Two from Slate: William Saletan talks about talking about race. And at The Root, Jenee Desmond-Harris advises a guy who’s racist but doesn’t want to be.

The second piece reminded me of this post by my friend Carpetbagger. Powerful stuff going on here. If you tune back into some Pittsburgh blogs on Thursday, there are going to be a number of posts about thoughts regarding the Zimmerman case. (I’ll just link back to yesterday’s post, maybe with a little more.)

Mocha Momma (aka Kelly Wickham) has been pushing people — especially white women bloggers — to listen first and then to speak up. I’m new to her blog, but she’s been making me think, and think hard, about how to have these conversations, how not to, in her (admittedly paraphrased because I can’t find the quote) words, be the white friend that others can talk to about their racism.

And this post, by a writer I’d not encountered before, which gave me chills and held me spellbound until the end.
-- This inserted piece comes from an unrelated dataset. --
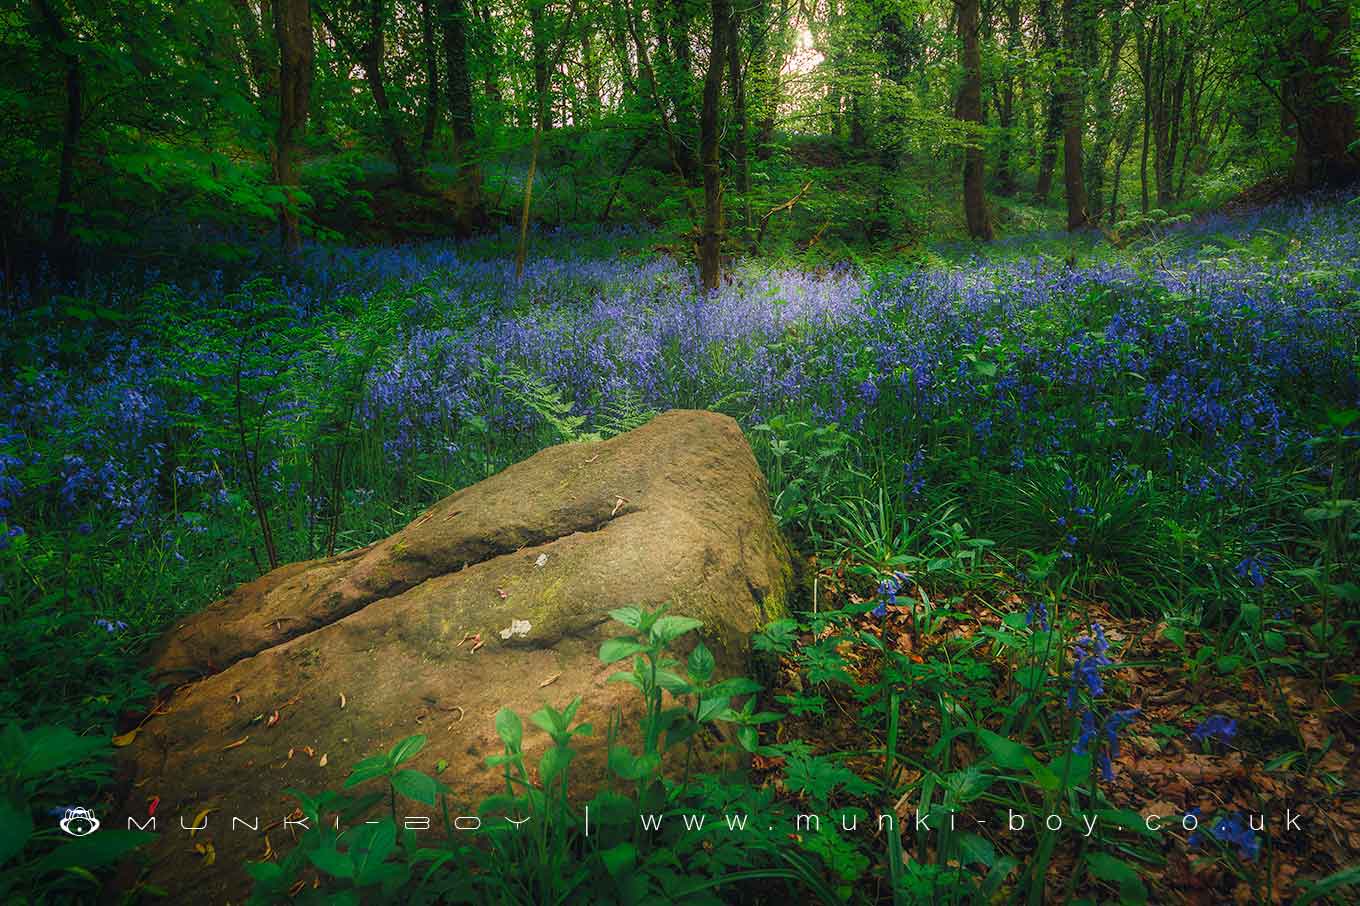 Bluebell Woods in Lancashire

This quote pretty much sums up what I was trying to get at the other day:

Listen, my open-minded, concerned, and sensitive white friends: I know I’m not telling you anything you haven’t considered before, but misogyny runs deep. Racism and white privilege run deep. We are socialized from birth on the ways of the world: we live years, decades, before we come to and start the lifelong work of change. We’ve got work to do, and it’s going to take all our lives, because it is part of our lives. It’s in us, this coded language, these world views, this privilege. We are it. Our work will never be done.

I don’t know about Kate (the writer at this blog), but I know for me, part of this work is teaching the children, especially my children, well.
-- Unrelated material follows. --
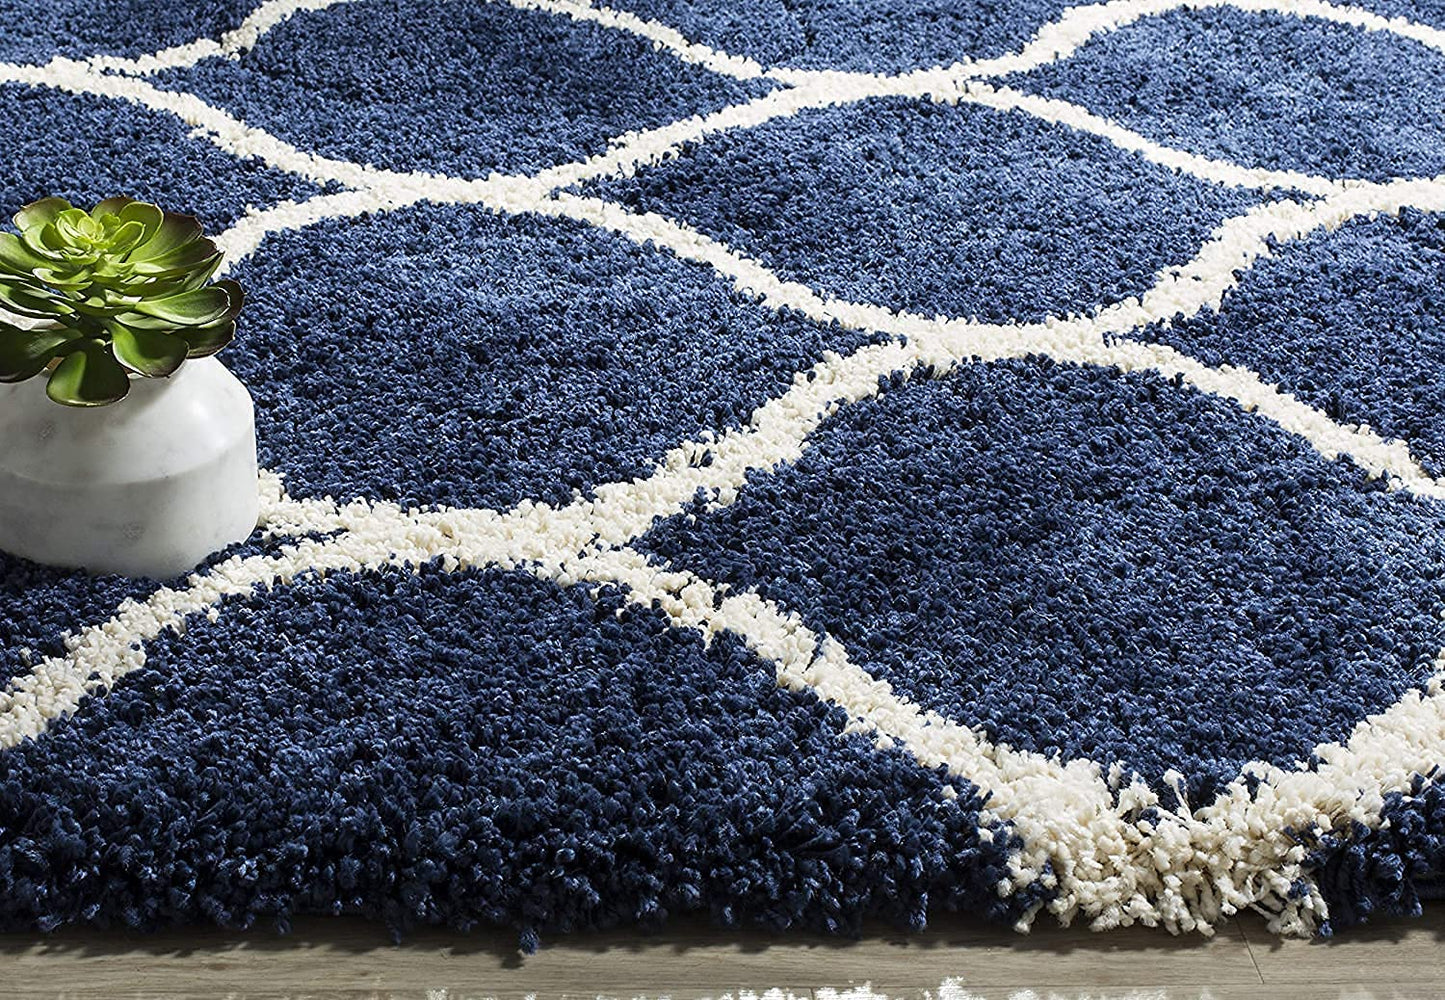 Kashyapa Rugs Collection- Micro Moroccan Lattice Carpet In Cream And Blue. | Carpet for Living Room

I may not remember every word my parents said to me. But the way they raised me to believe in equality, mercy, justice, and love wasn’t in their words. It was in the way they acted. It was in the words they never said — N-word (I tried to type it, I did type it, but I couldn’t let it stand, I just couldn’t), faggot, bitch, asshole.

Short of having a penis, I am in the almost the most privileged class of people in the United States (we are not the super-rich). I am white, straight, college educated, pretty solidly middle-class, married, with children. With luck and hard work, we’ll be able to stay middle class. We’ll be able to raise our children to be open-minded responsible citizens, hard workers, and loving adults. With luck, and hard work, and honesty, I’ll be able to teach my white kids about equality, maybe with words, but most definitely with action.